Vietnam’s economy has not escaped the coronavirus crisis completely unscathed, of course. But it has recorded a high level of growth. So which sectors could now be attractive for foreign investors?
Every four months, Huong Thi Hoang, director of our local Bremeninvest office, reports to us from Ho Chi Minh City on trends, opportunities and new developments.
Our topics in September:
Like other countries, Vietnam has been increasingly relaxing its coronavirus restrictions in recent weeks. In some regions, bar and discos are reopening, hotels are welcoming guests again and festivals are taking place. However, the country is continuing to impose strict entry conditions that require a period of quarantine and repeated testing for the virus. There are also considerable restrictions on air travel, although these could also be relaxed soon.
The World Bank anticipates that Vietnam’s economy will grow by just under 3 per cent in 2020. This is some way off the rate of nearly 7 per cent recorded in recent years, but still higher than in many other countries. One reason for this expansion is foreign investment, particularly from China, where companies are increasingly opting to move production facilities to Vietnam.
Many Vietnamese firms have mothballed their expansion plans and are restructuring their businesses. Around 34,000 companies have had to close down; many others are being forced to change their business models. Some 1.3 million Vietnamese people have lost their jobs, and a further 30 million (around half of the country’s workforce) could be affected by restructuring measures in the future.
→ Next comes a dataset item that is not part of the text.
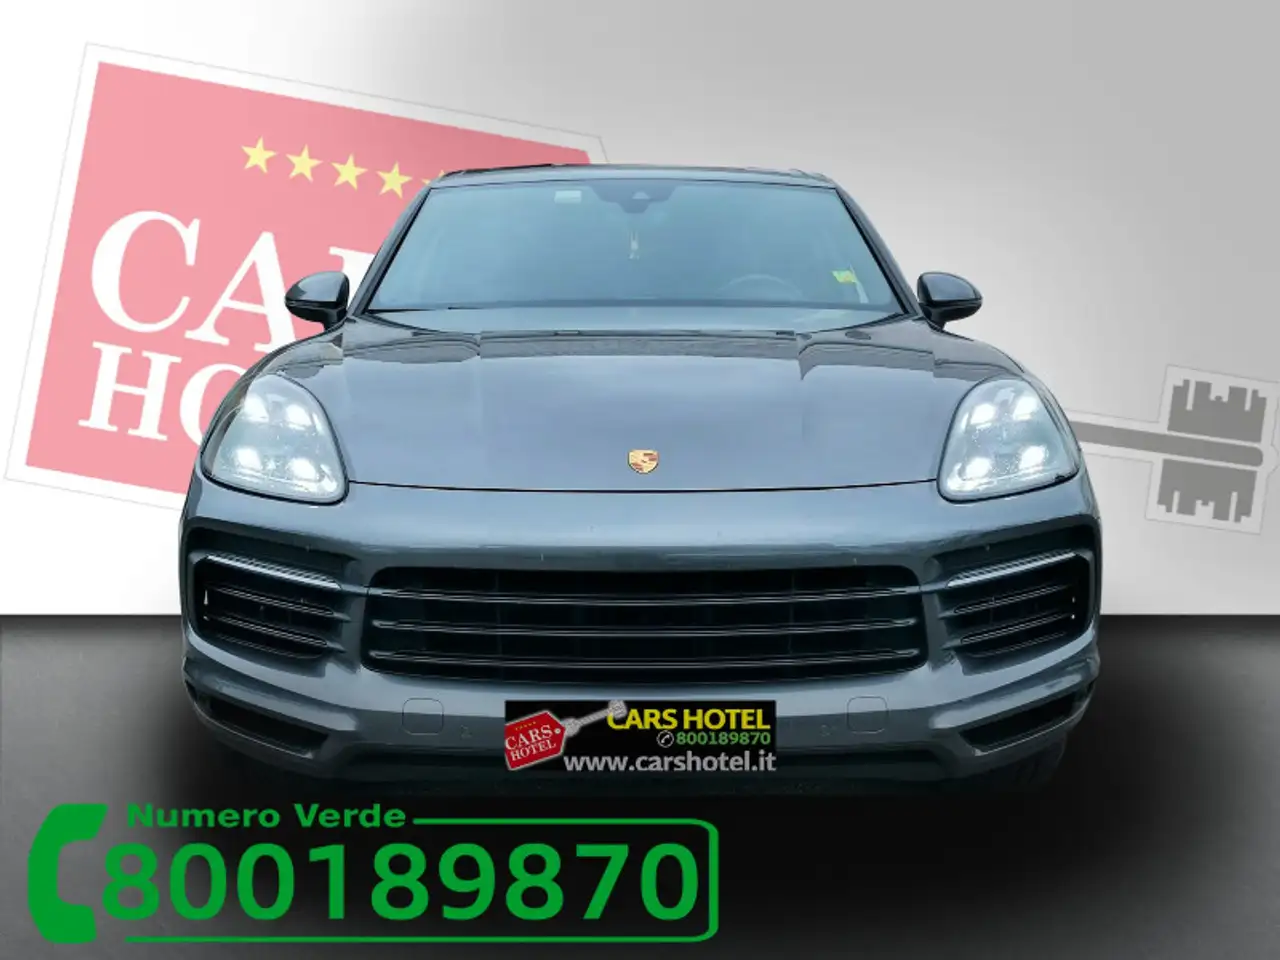 PORSCHE Cayenne 3.0 V6 Service Porsche / Iva Deducibile / Uni.Pro. Usata Benzina €54.950 - 9756808

Nevertheless, the economic slump could also present opportunities for thriving companies to expand or to become more cost-efficient. Indeed in several areas, Vietnam is already benefiting from global trends and developments:
The free trade agreement between the European Union and Vietnam (as we reported) came into force on 1 August 2020. The agreement has not only put an end to numerous customs tariffs and trade restrictions, but also increased investment security by improving intellectual property rights, liberalising markets and recognising international regulations such as those set forth by the International Labour Organization. It therefore has the potential to provide a further boost to Vietnam’s growing economy and open up new markets for European companies.
Vietnam’s energy needs are growing rapidly: consumption has risen by 10 per cent annually over the past five years. Experts estimate that the country will have to invest around US$ 150 billion by 2030 to keep pace with demand. For Vietnam too, renewables now represent one of the cheapest forms of energy generation, so the bulk of this expansion will be met by wind and solar power.
This has opened up a potentially lucrative market for foreign investors. And the government has made various efforts in recent years to make this market even more attractive. One example is the establishment of feed-in tariffs for electricity, although these are only locked in on a long-term basis until 31 December 2020. From 2021, the tariffs will be renegotiated on an annual basis. The creation of a new power purchase agreement constitutes a further liberalisation. The agreement has paved the way for energy producers to supply end users with electricity directly for the first time, instead of via the state utility companies.
Despite these initial moves to liberalise the market, foreign investors still have some significant hurdles to overcome. McKinsey, for example, has criticised the still very restrictive power supply contracts and therefore the high financing costs, as well as the opaque tendering process. There is also a danger that the expansion of the grid will not keep pace with demand, leading to bottlenecks in the supply of electricity.
But at the same time, a whole host of foreign investment projects for wind and solar farms are in the pipeline, including some that involve German companies (e.g. Enercon).
The market for industrial real estate in Vietnam has exploded thanks to the combination of the coronavirus crisis and the trade dispute. The low prices being asked for industrial land and the low level of taxation and wages – which makes Vietnam an attractive place to manufacture goods – are also a factor. The US-Chinese dispute has made the country an appealing prospect for investors that are looking to protect their products from punitive tariffs (as we reported). In the past few months, this surge in demand has been reflected in a rapid increase in online seminars that enable customers to find out about attractive commercial sites.
As in many other cities around the world, land in the major conurbations of Vietnam is becoming scarce. This is why commercial premises are increasingly popping up in B-cities, such as in the region immediately outside Ho Chi Minh City (HCMC), in areas like Binh Phuoc, Long An, Binh Duong and Dong Nai.
Projects with foreign investors are also in the offing in these places, such as a partnership between Belgian and Dutch firms in the coastal region Vũng Tàu near HCMC, where a port logistics complex is to be built for almost US$ 1 billion. The total volume of inward investment in the first half of 2020 was comparable with the equivalent period of the prior year, which is quite an achievement given the havoc wreaked by the coronavirus pandemic.
E-commerce is booming in Vietnam due to coronavirus, as it is in many other regions of the world. According to new plans published by the government, the sector is expected to grow by 25 per cent annually. This growth is having a positive impact on the logistics industry and the real estate market and in the coming years is likely to further drive up demand and prices for logistics sites.